▸ **Recorded information**

********

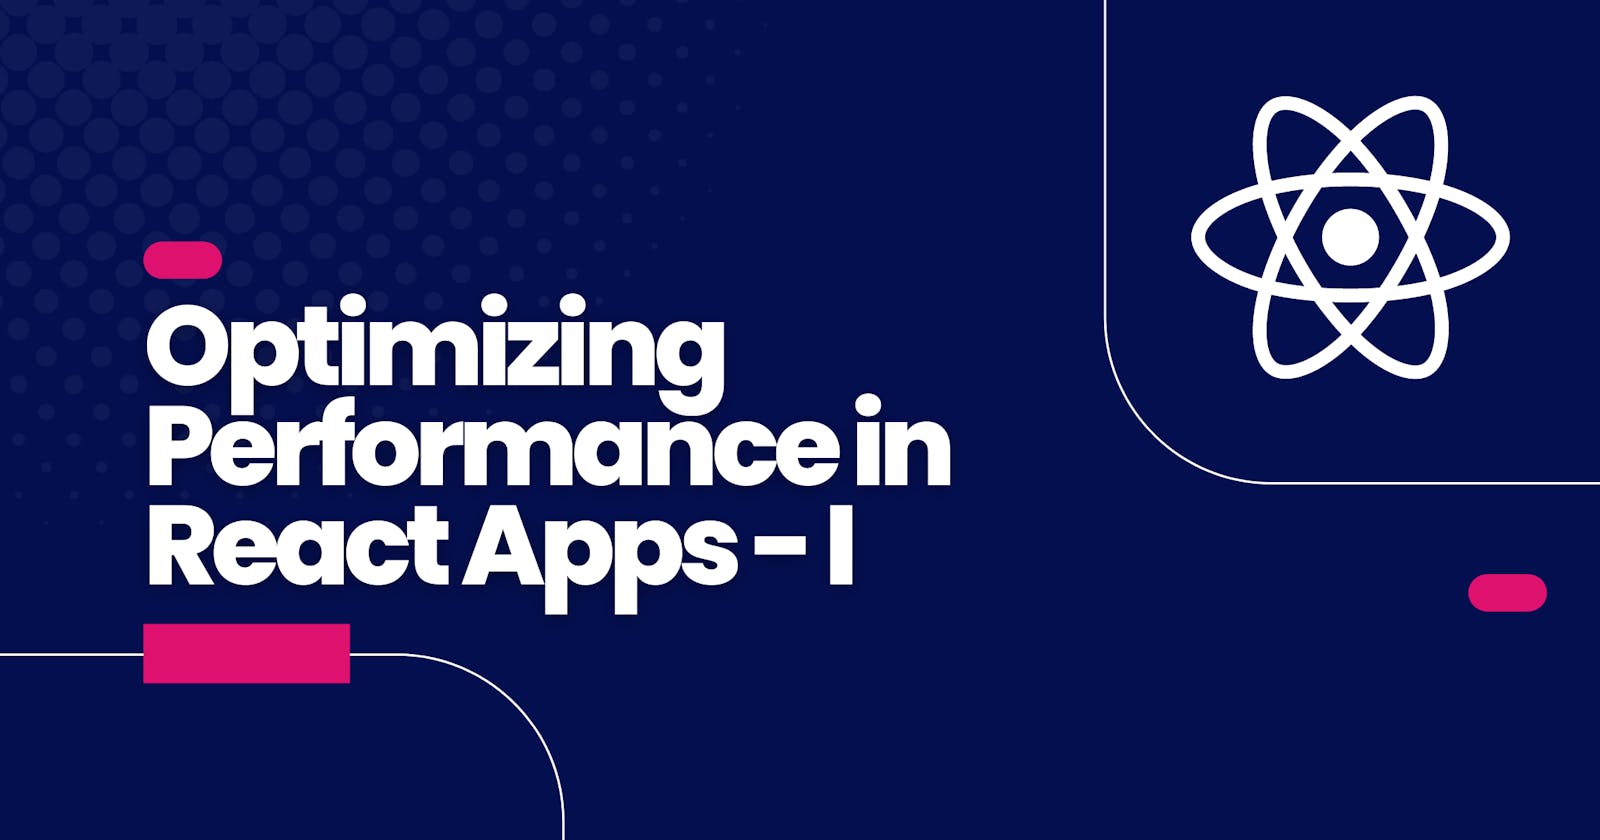 Optimizing Performance in React Apps - I
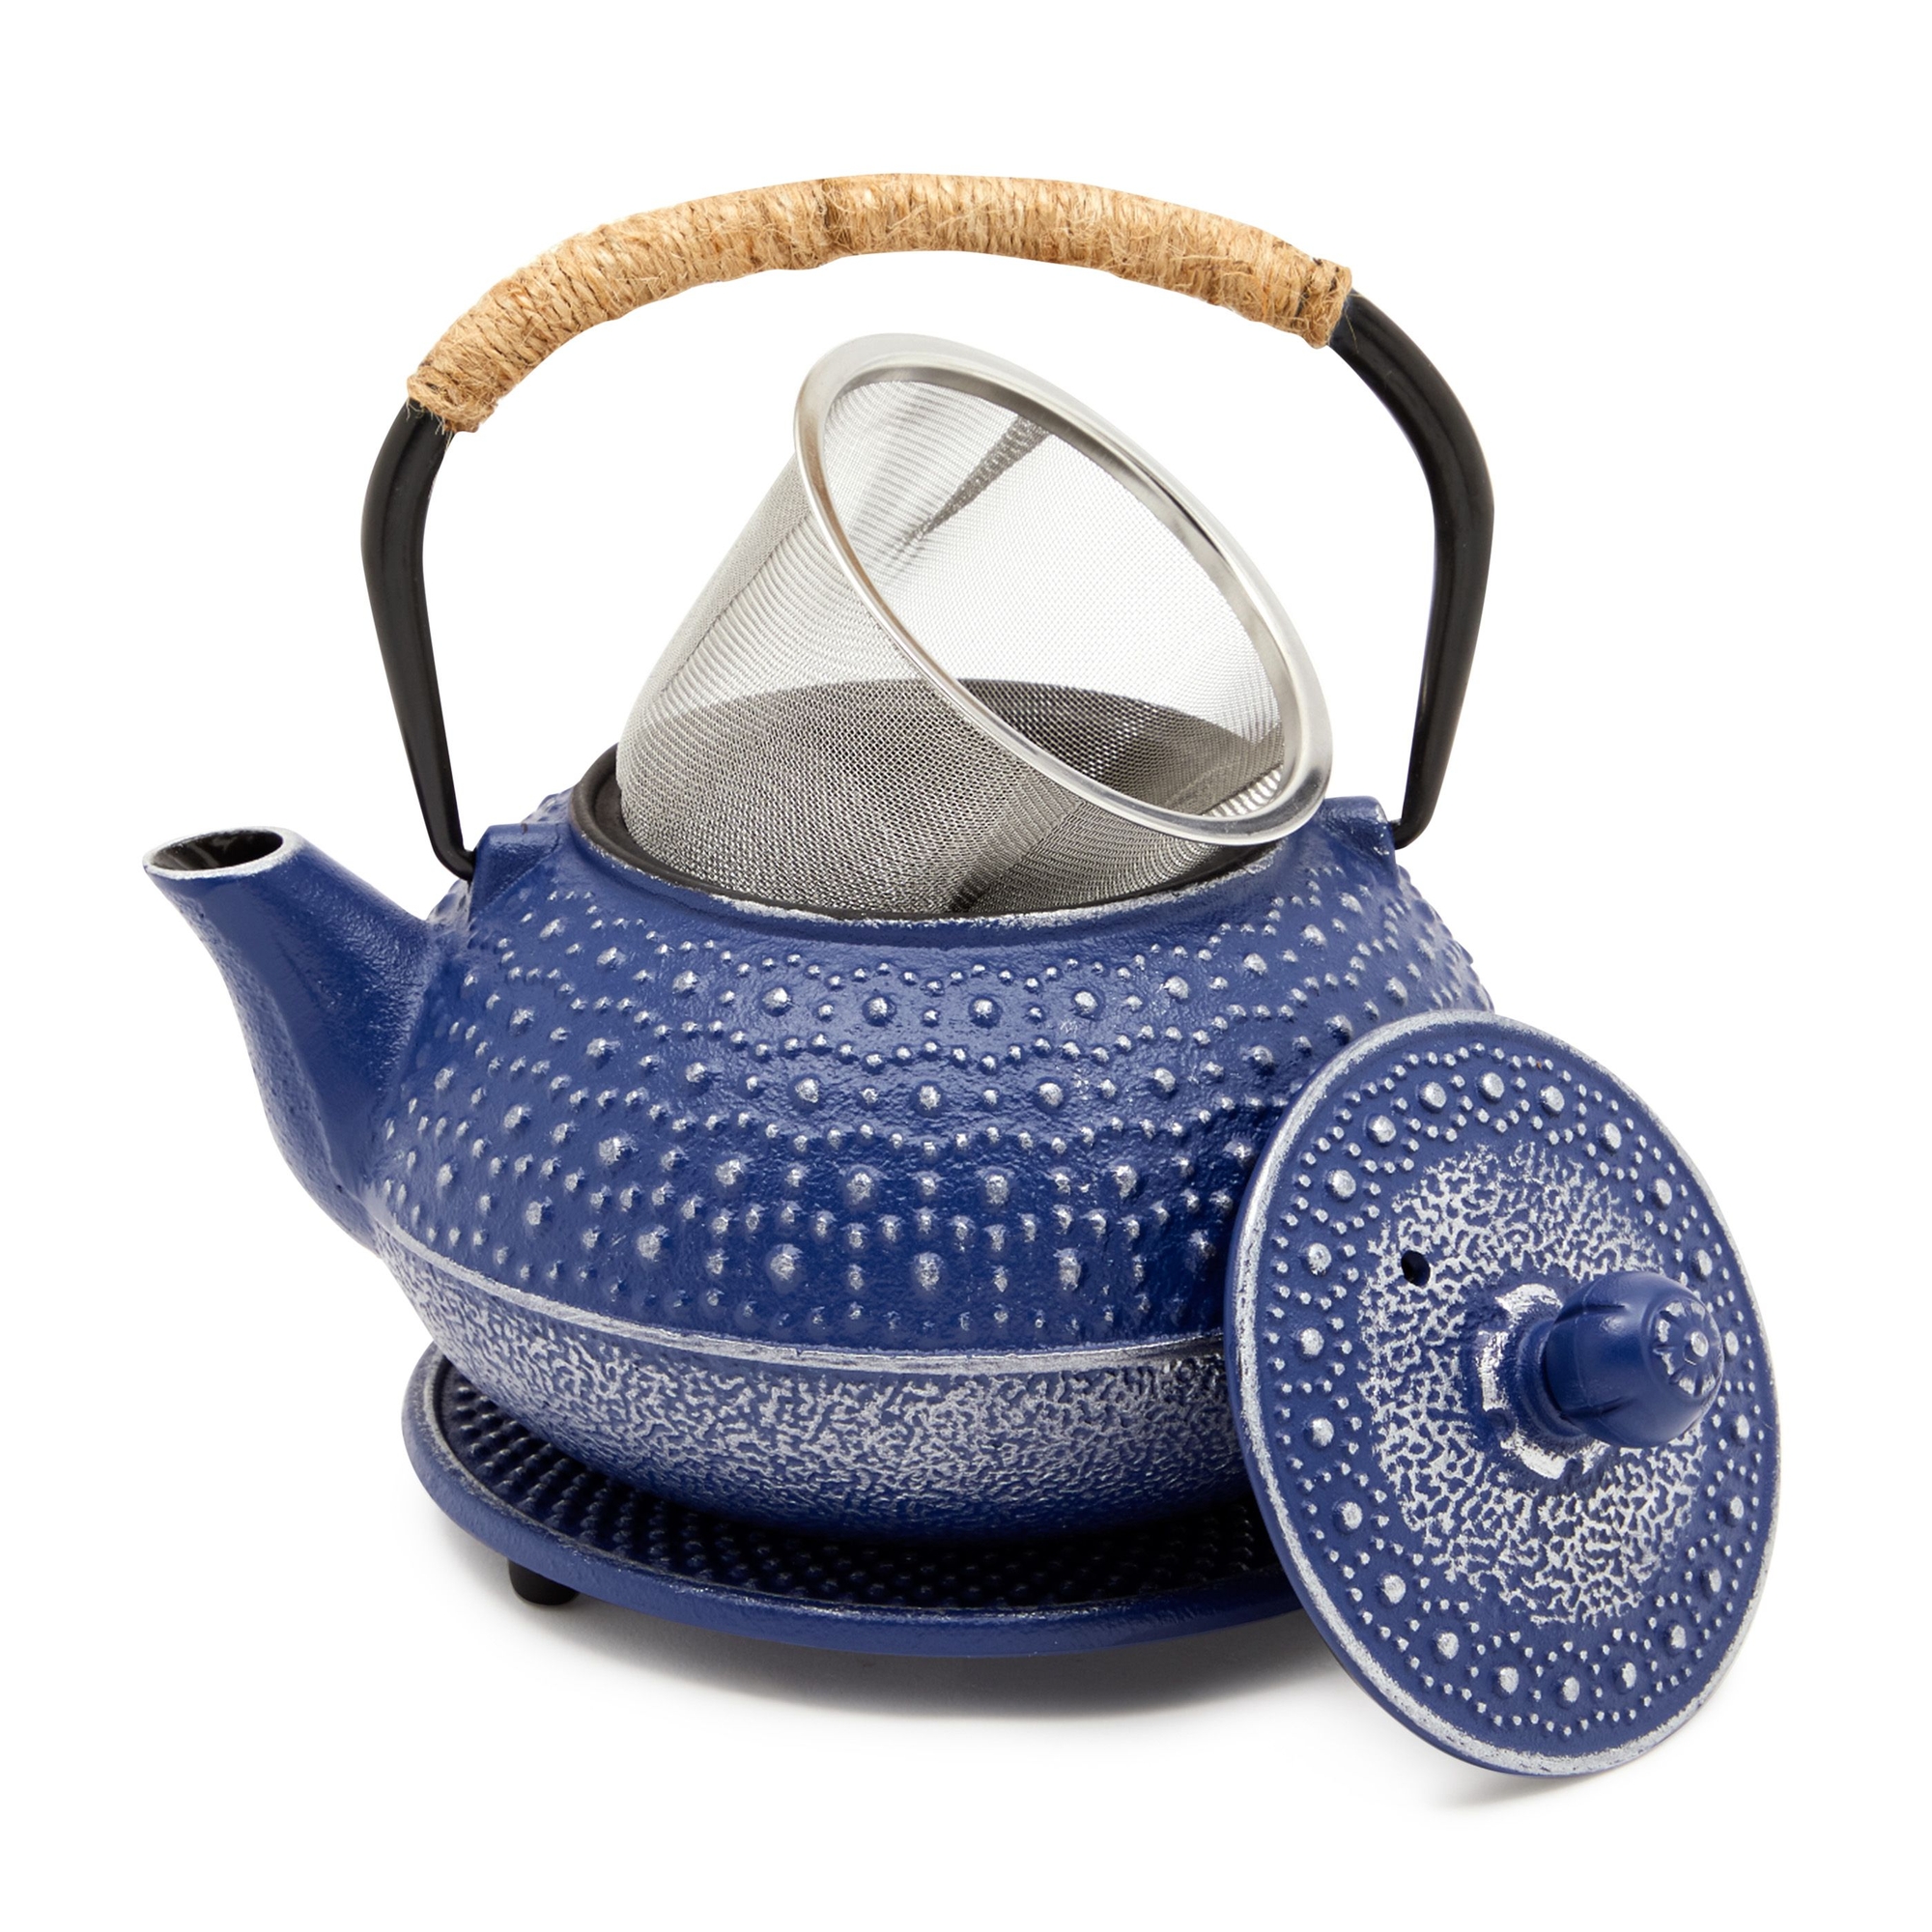 Cast Iron Teapot with Infuser - Japanese Tea Kettle, Loose Leaf Tetsubin with Handle and Trivet (Blue, 3 Pcs, holds 27 oz, 800 ml) - image 1 of 10
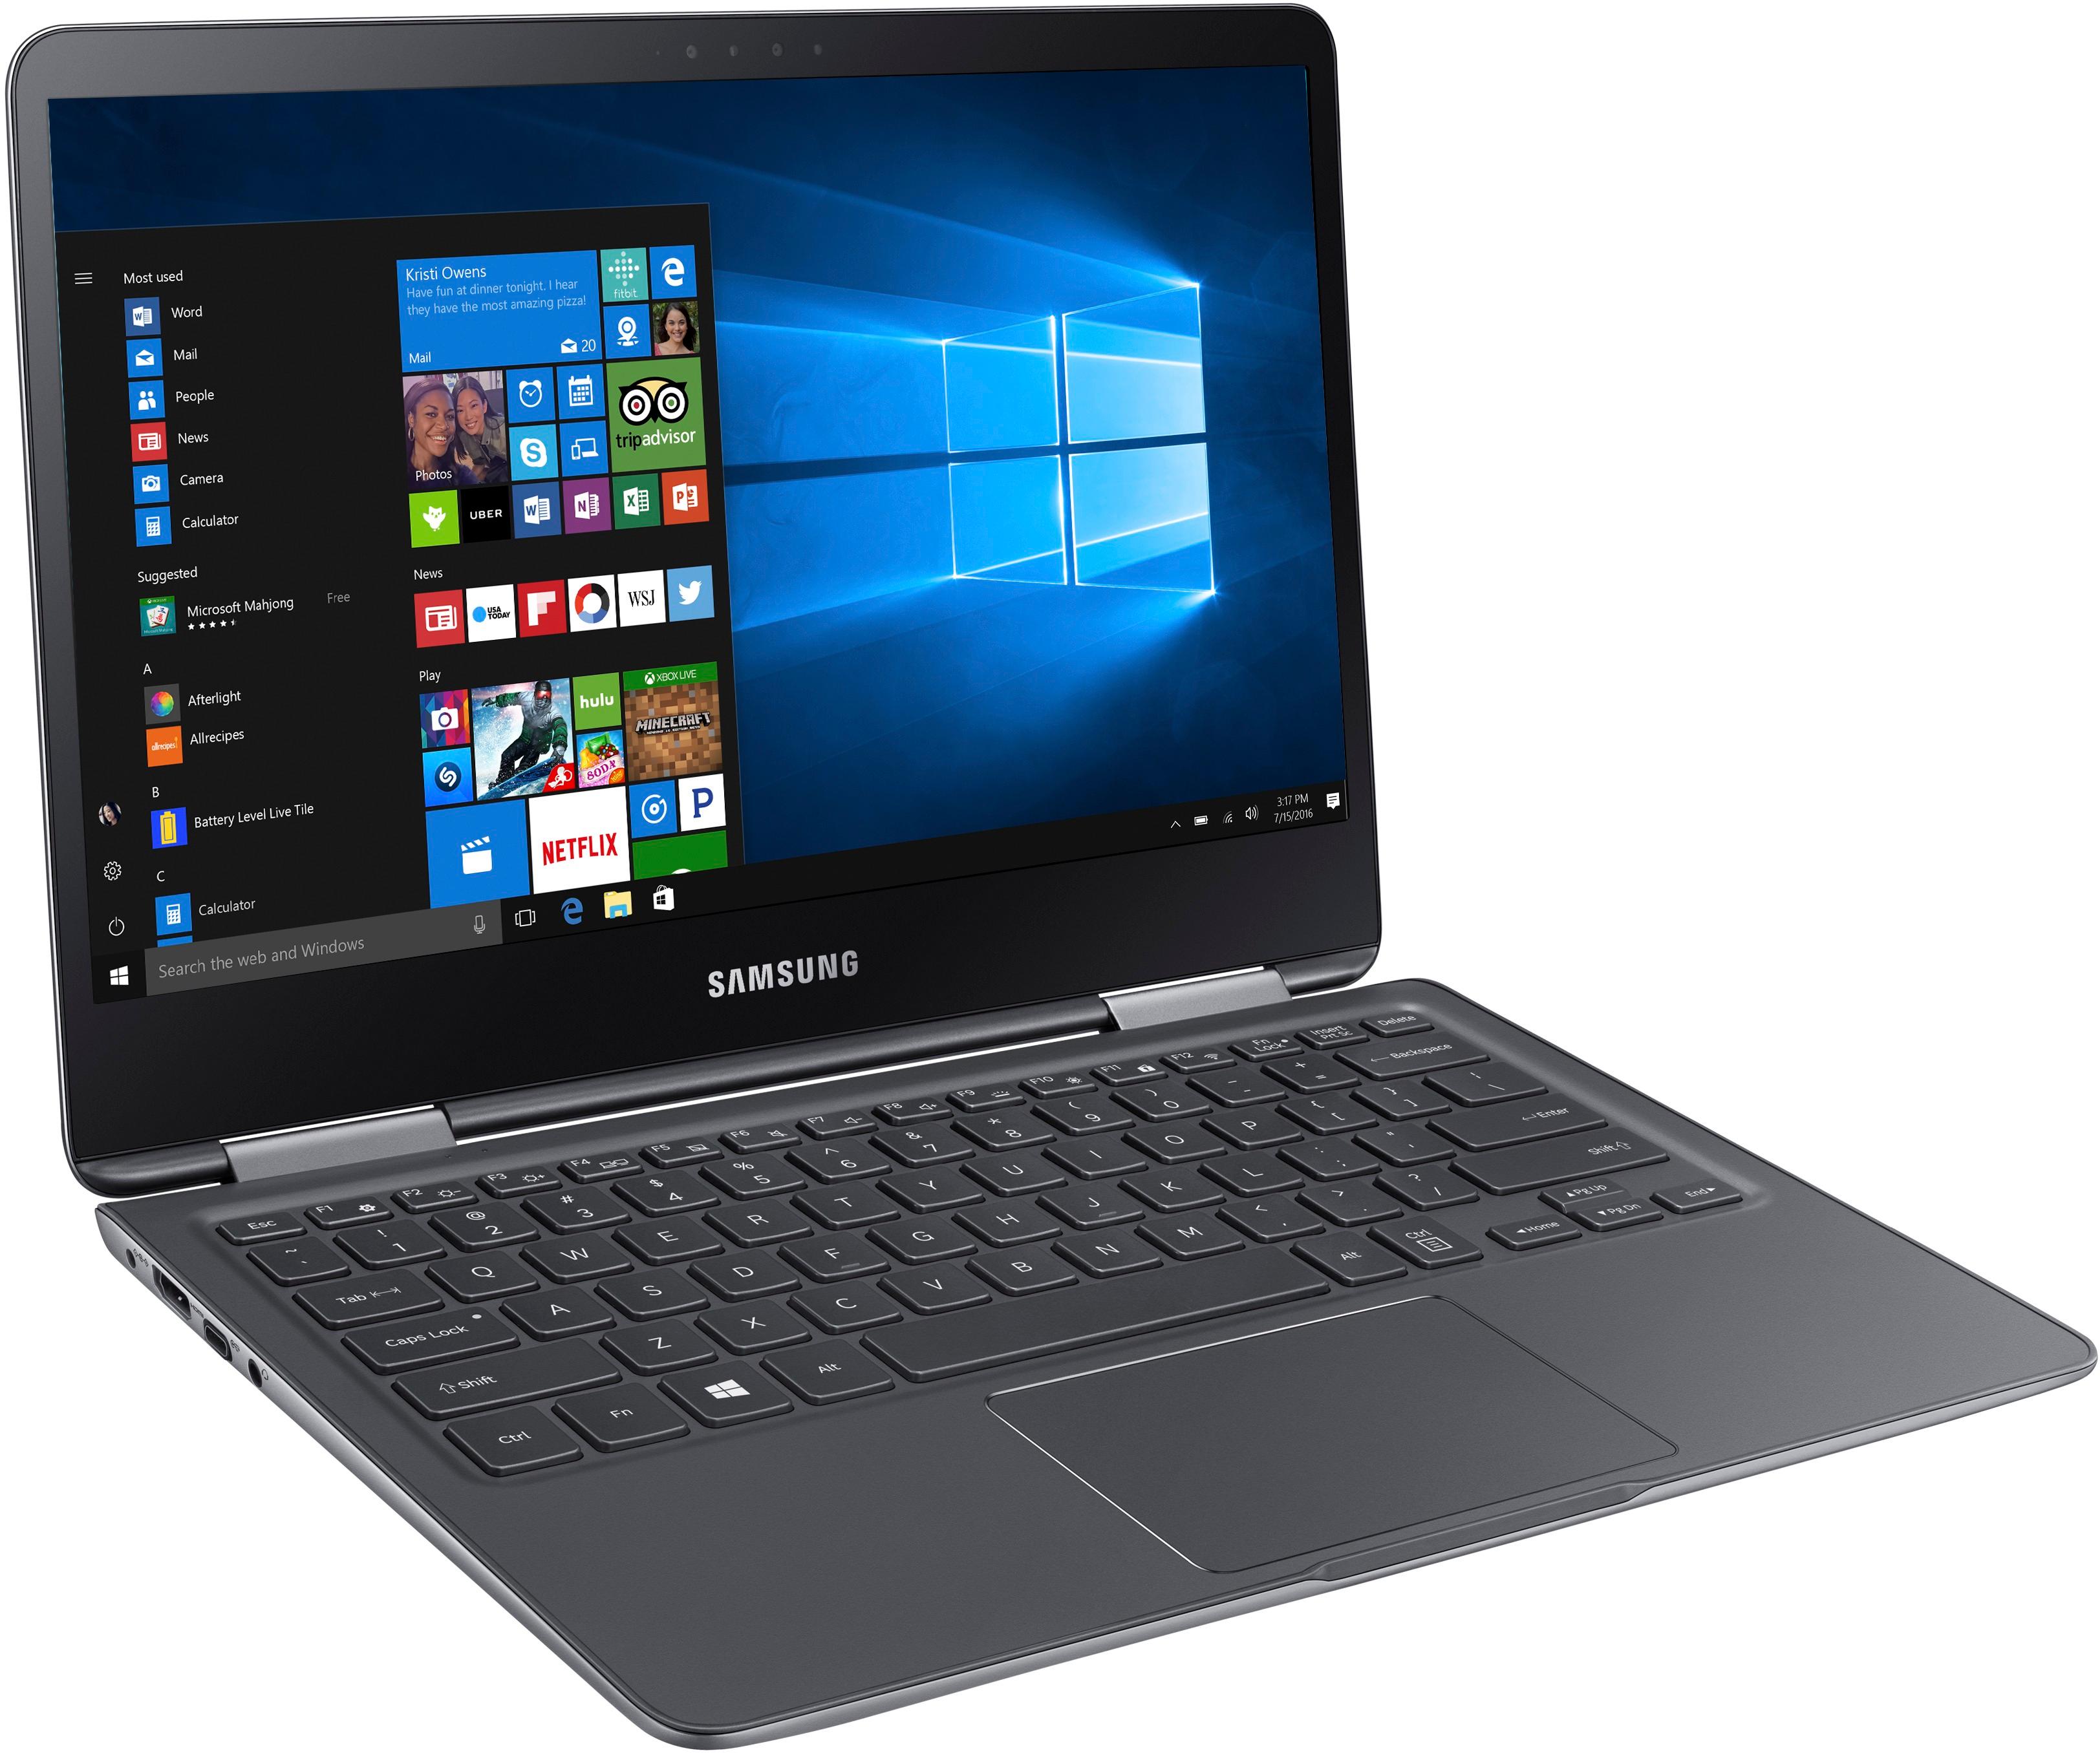 Questions and Answers: Samsung Notebook 9 Pro 13.3

********

▸ **To do**
Everything from the line containing "Cast Iron Teapot" through the last line of the listing above must be output exactly, except the pictures.

▸ **Result of the exercise**
 Cast Iron Teapot with Infuser - Japanese Tea Kettle, Loose Leaf Tetsubin with Handle and Trivet (Blue, 3 Pcs, holds 27 oz, 800 ml) - image 1 of 10
 Questions and Answers: Samsung Notebook 9 Pro 13.3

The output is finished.